I am trying to re-order and extend lists of dictionary values with the right position and fill them with zeros.
myDict = {
"col-1": ['a', 'b', 'c', 'd', 'e', 'f', 'g'],
"col-2": ['a', 'b', 'c', 'd', 'f', 'e']
}
The desired output should look like this:
myDict = {
"col-1": ['a', 'b', 'c', 'd', 'e', 'f', 'g'],
"col-2": ['a', 'b', 'c', 'd', 'e', 'f', '0'] # '0' is zero
}
Note that values of lists are with order 'a', 'b', 'c', 'd', 'e', 'f', 'g'
. The maximum list length in myDict.values()
is fixed to 7 and the minimum is 6. myDict
can have more than two elements.
I tried to use Python - extending and filling list with zeros to match another list but didn't know exactly how to make it work for my case.

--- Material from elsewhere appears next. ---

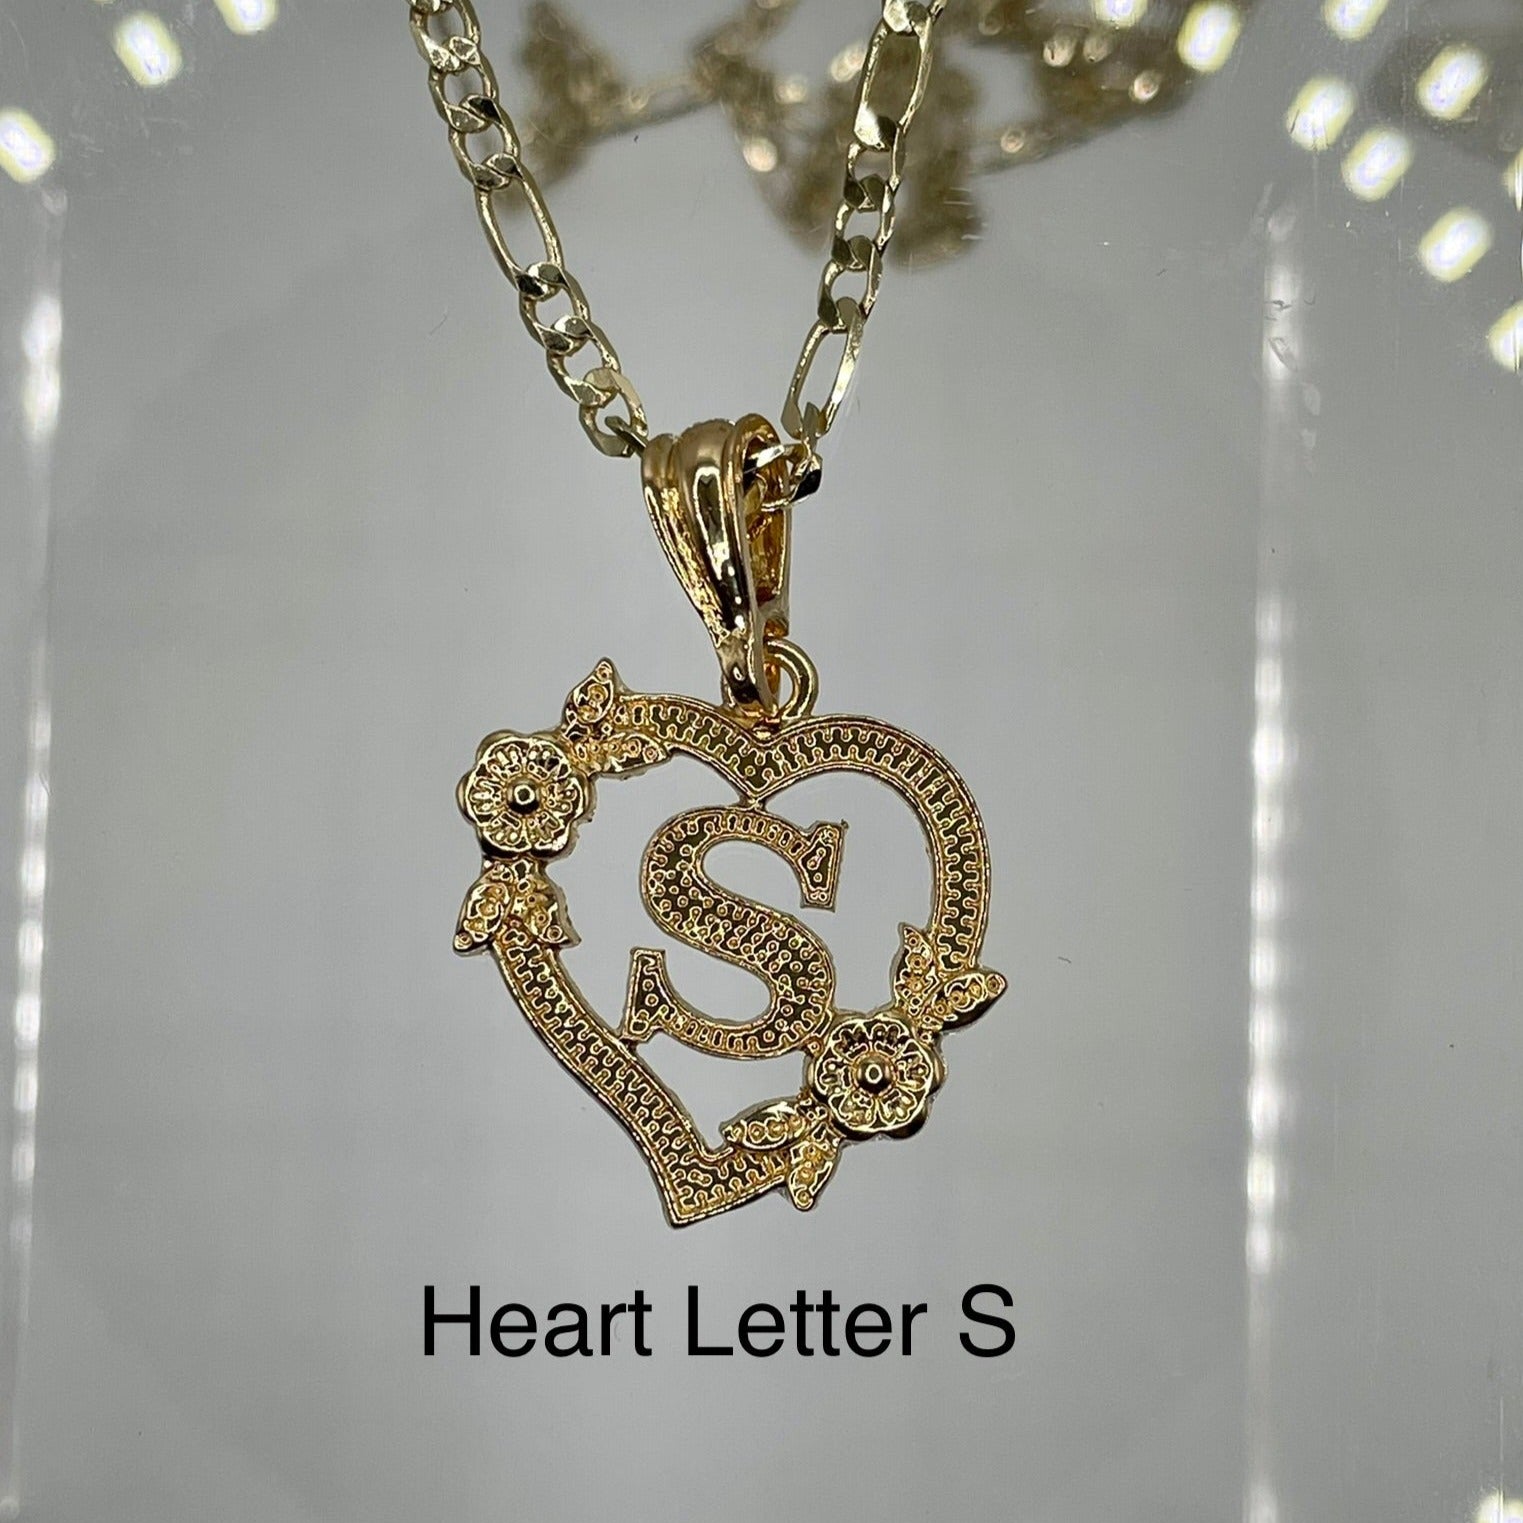 Heart letter S pendant. Gold heart pendant. Letter pendants.

CodePudding user response:
Assuming the maximum length is 7 and values are only single characters from "a" to "g"
myDict = {
"col-1": ['a', 'b', 'c', 'd', 'e', 'f', 'g'],
"col-2": ['a', 'b', 'c', 'd', 'e', 'f']
}
for key, value_list in myDict.items():
new_value_list = [0 for i in range(7)]
for value in value_list:
new_value_list[ord(value) - 97] = value
myDict[key] = new_value_list
print(myDict)
CodePudding user response:
This should cover the cases identified in the original post and the clarification comment. The approach is, for each key of the dict, to iterate over the set of valid letters, outputting that letter (if it exists in the dict value), or '0' (if it doesn't).
myDict = {
"col-1": ['a', 'b', 'c', 'd', 'e', 'f', 'g'],
"col-2": ['a', 'b', 'c', 'd', 'f', 'e'],
"col-3": ['a', 'c', 'f'],
"col-4": ['b', 'd']
}
letters = ['a', 'b', 'c', 'd', 'e', 'f', 'g']
for key, value in myDict.items():
myDict[key] = [(x if x in value else '0') for x in letters]
print(f"{key}: {myDict[key]}")
prints:
col-1: ['a', 'b', 'c', 'd', 'e', 'f', 'g']
col-2: ['a', 'b', 'c', 'd', 'e', 'f', '0']
col-3: ['a', '0', 'c', '0', '0', 'f', '0']
col-4: ['0', 'b', '0', 'd', '0', '0', '0']
CodePudding user response:
seems to me that you could do this with a for-while loop:
for key in myDict.keys():
myDict[key] = sorted(myDict[key])
while len(myDict[key])<len(myDict["column1"]):
myDict[key].append('0')